DATASET SECTION »
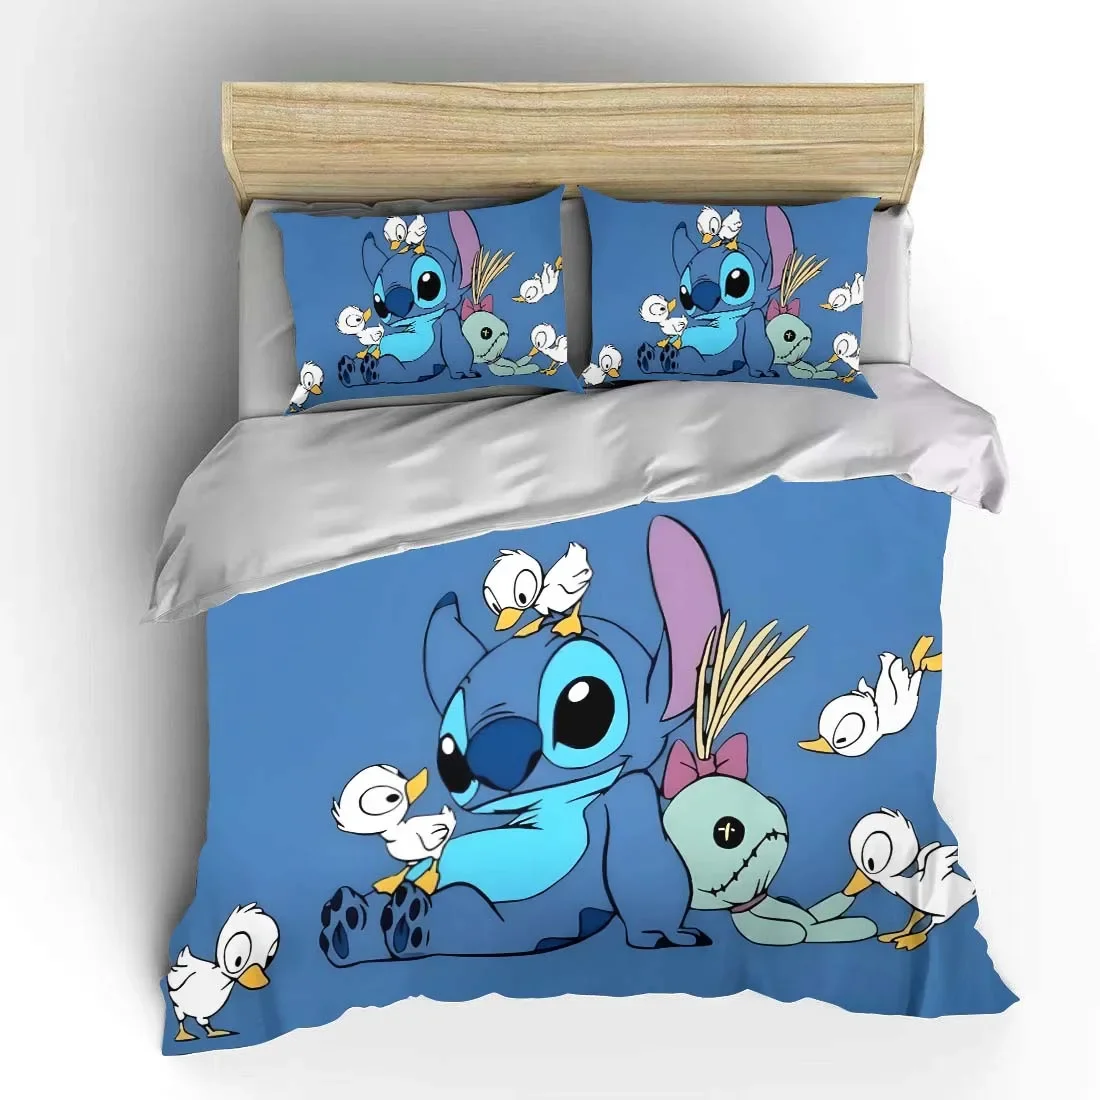 

Stitch Cartoon Bedding Set Children Disney Fashion 3 Pieces Set King Size Bed Set US Twin Adult Bed Cover Bedroom Quilt Gift
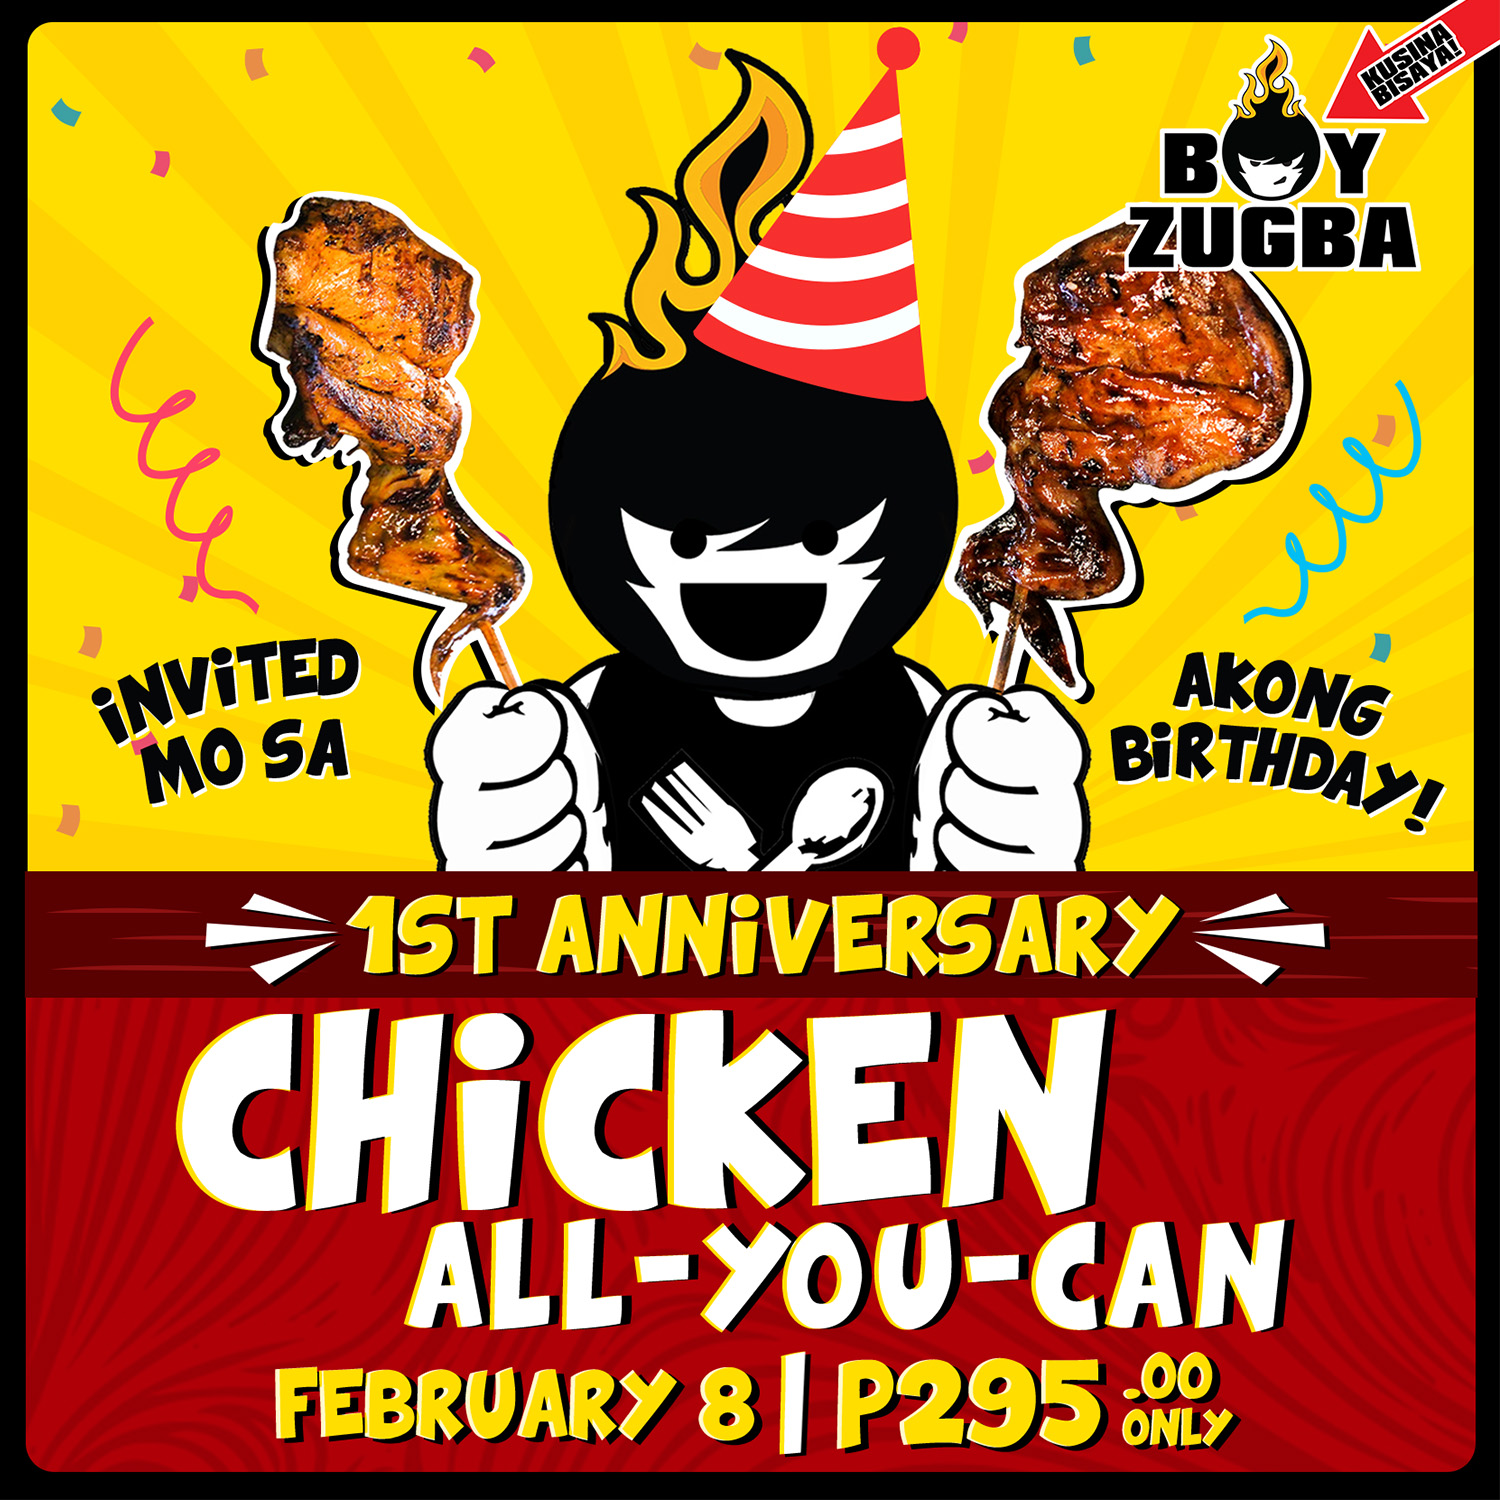 Boy Zugba to Celebrate 1st Birthday with Chicken-All-You-Can!
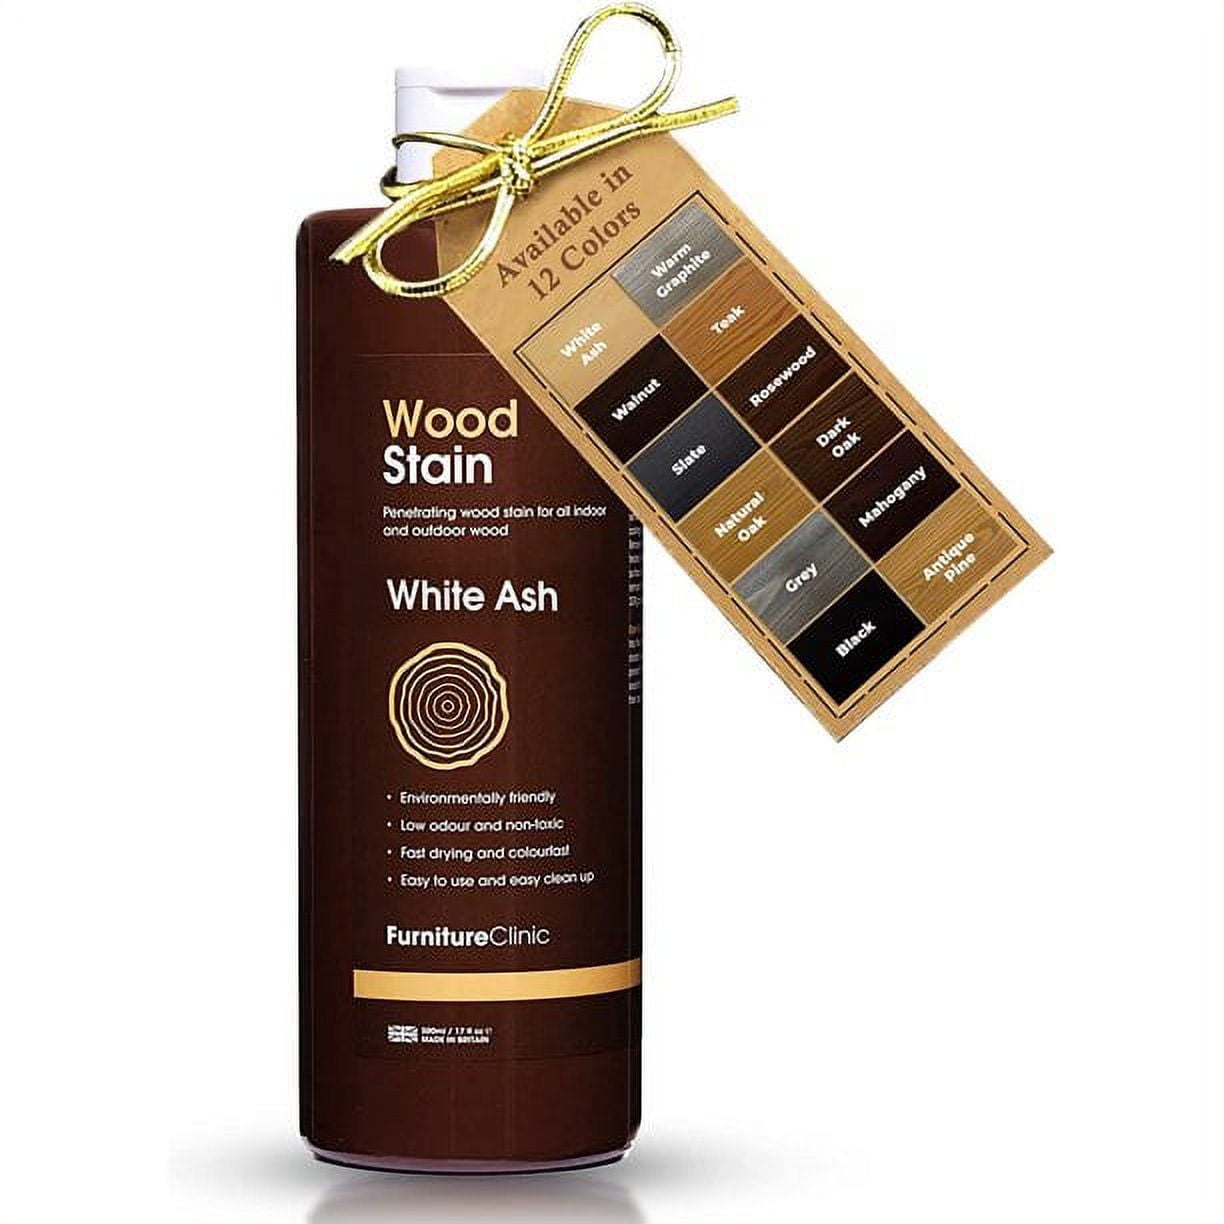 Littlefair's Wood Stain - 34oz/1ltr - Indoor Furniture Stain - Light & Dark  Finishes - Special Non Toxic & Eco Friendly Formula - Easy Clean Wood
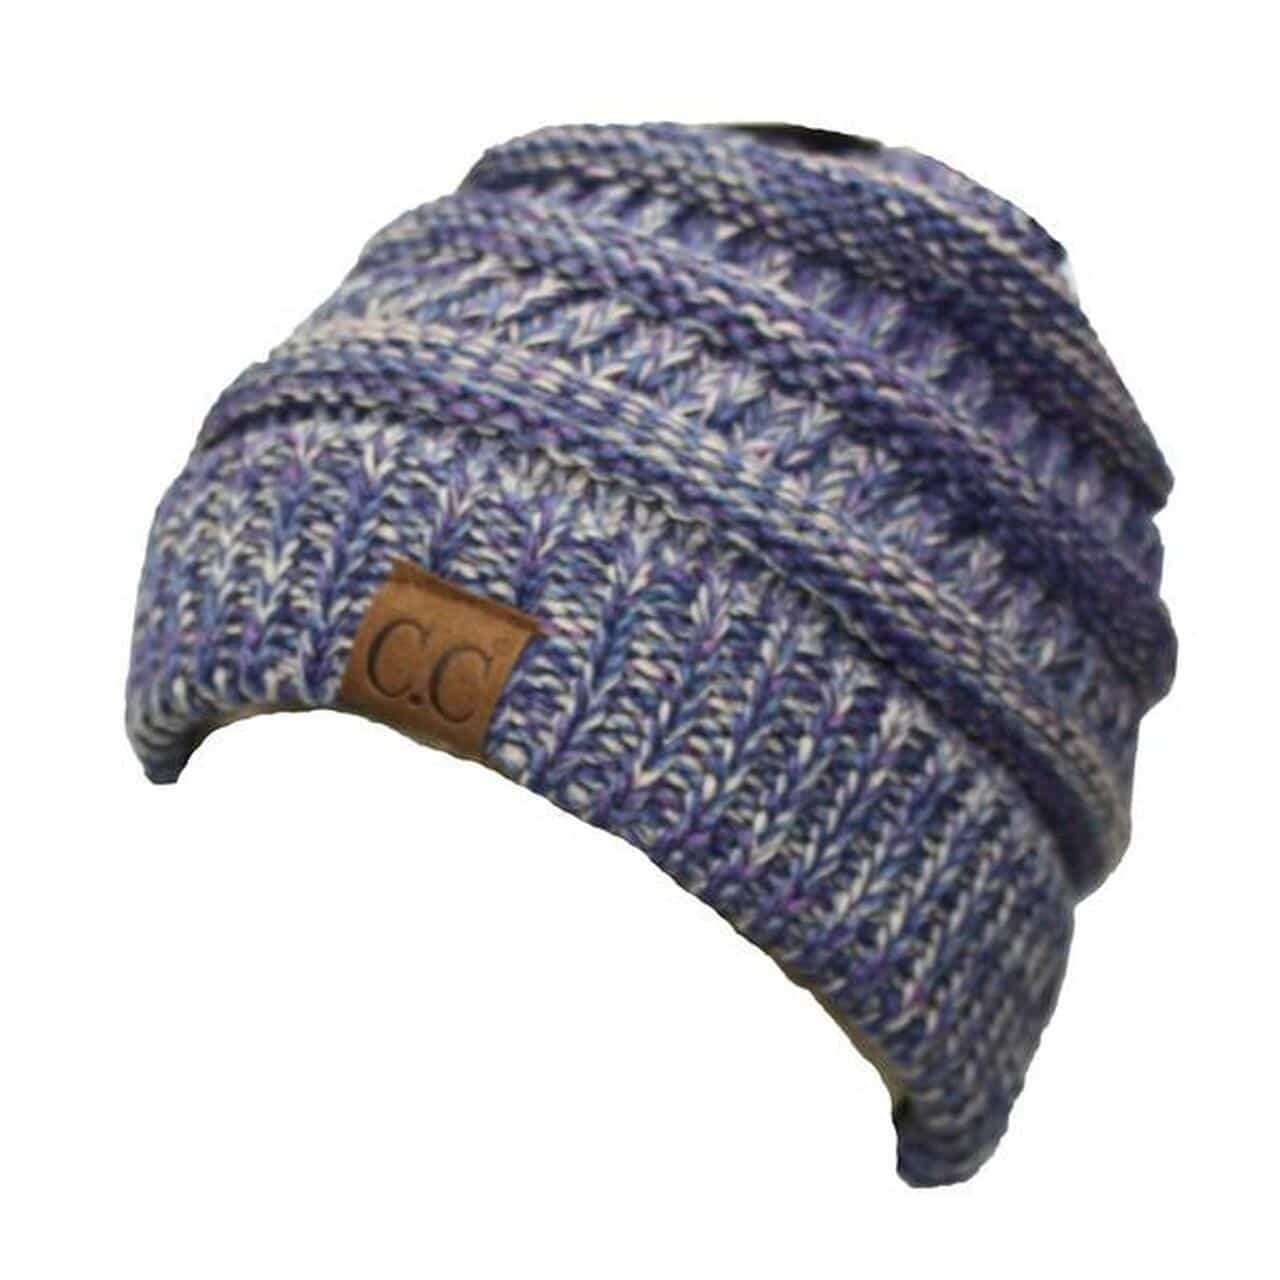 C.C. Beanie Two Toned Blue and Purple

EXERCISE REQUIREMENTS »
Copy out each line of the data exactly as it reads; skip the pictures.

SOLUTION TO THIS EXERCISE »
Stitch Cartoon Bedding Set Children Disney Fashion 3 Pieces Set King Size Bed Set US Twin Adult Bed Cover Bedroom Quilt Gift
 Boy Zugba to Celebrate 1st Birthday with Chicken-All-You-Can!
 Littlefair's Wood Stain - 34oz/1ltr - Indoor Furniture Stain - Light & Dark  Finishes - Special Non Toxic & Eco Friendly Formula - Easy Clean Wood
 C.C. Beanie Two Toned Blue and Purple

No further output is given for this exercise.